Rule 1008 of the Federal Rules of Bankruptcy Procedure (“FRBP”) requires that all petitions, lists, schedules, statements and amendments be “verified” or contain an “unsworn declaration” as provided in 28 U.S.C. §1746. The official bankruptcy petition contains a declaration that meets the statutory requirement:
I declare under penalty of perjury that the information provided in this petition is true and correct.
I request relief in accordance with the chapter of title 11, United States Code, specified in this petition.
X Signature of Debtor
The Declaration Concerning Debtor’s Schedules and the Statement of Financial Affairs contain similar language. The verification requirement of FRBP 1008 prohibits the attorney from signing the debtor’s name to the petition, schedules and SOFA. The adoption of Electronic Case Filing did not change the verification requirement. ECF merely shifted the responsibility to maintain the debtor’s original paperwork from the court to the debtor’s attorney. Pursuant to FRBP 5005, Local Rule 5005-1(a) and the Administrative Procedures for Electronic Case Filing, registered ECF users must maintain originally executed copies of signed documents for one year after the case is closed in the bankruptcy court. Placing a verified electronic signature on documents filed with the court without obtaining an original verified signature is forgery.

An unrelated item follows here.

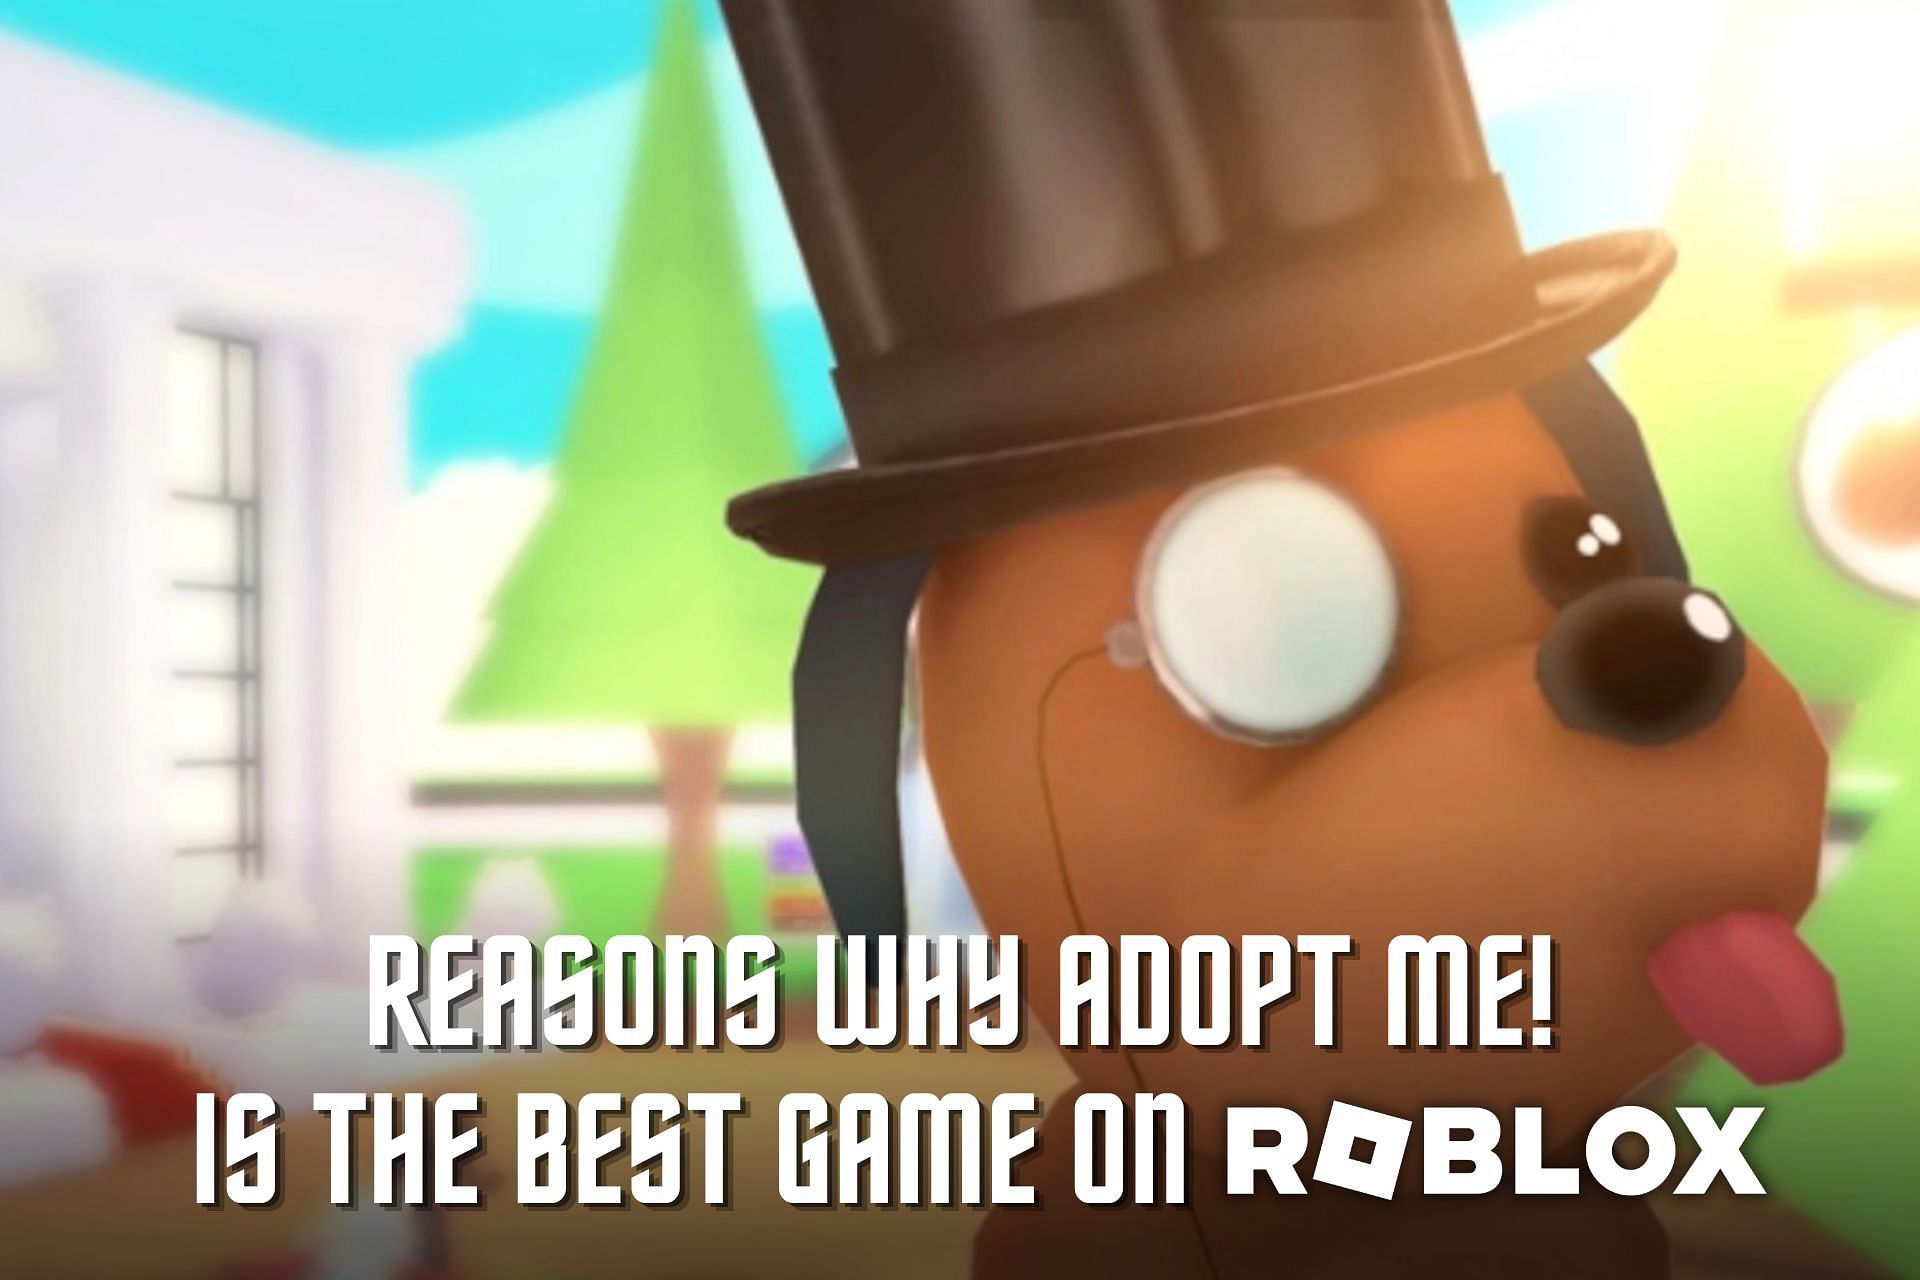 Roblox Adopt Me! is the best game (Image via Sportskeeda)

The electronic signature of an attorney on the bankruptcy petition is a representation by the attorney that the debtor signed the petition. FRBP 9011(b) and Miss Bankr. L. R. Rule 9011-1(a). Bankruptcy courts across the country have begun to recognize the problem of forged petitions and schedules and are imposing sanctions on attorneys who engage in the practice. See, e.g., In re: Whitehill, 514 B.R. 687 (M.D. Fla. 2014)(The debtor’s attorney filed schedules when the debtor had not reviewed or signed the documents. The court imposed sanctions, including monetary sanctions of $15,000.00.); In re: Bradley, 495 B.R. 747 (S.D. Tex. 2013) (The attorney’s actions which included forging by electronic signature defiled the “temple of justice” and were in bad faith.); In re: Stomberg, 487 B.R. 775 (S.D. Tex 2013)(The Court held that there are no circumstances that would ever justify an attorney filing the debtor’s petition or schedules without first obtaining his signature. Sanctions were imposed.); In re: Wenk, 296 B.R. 719 (E.D. Va. 2002)(A debtor’s attorney filed a “Skeletal petition” without any signature in order to get the benefit of the automatic stay. The Court found that the practice was no less egregious than filing an electronic petition without an original signature. The court imposed sanctions under a separate order.).
An attorney who files a bankruptcy petition, schedules and statements on behalf of a debtor is representing to the court that the debtor’s original signature appears on conforming copies maintained in the office. Including an electronic signature when an original was not obtained is no less forgery than attempting to mimic the debtor’s own signature. Such conduct is properly sanctionable under FRBP 9011.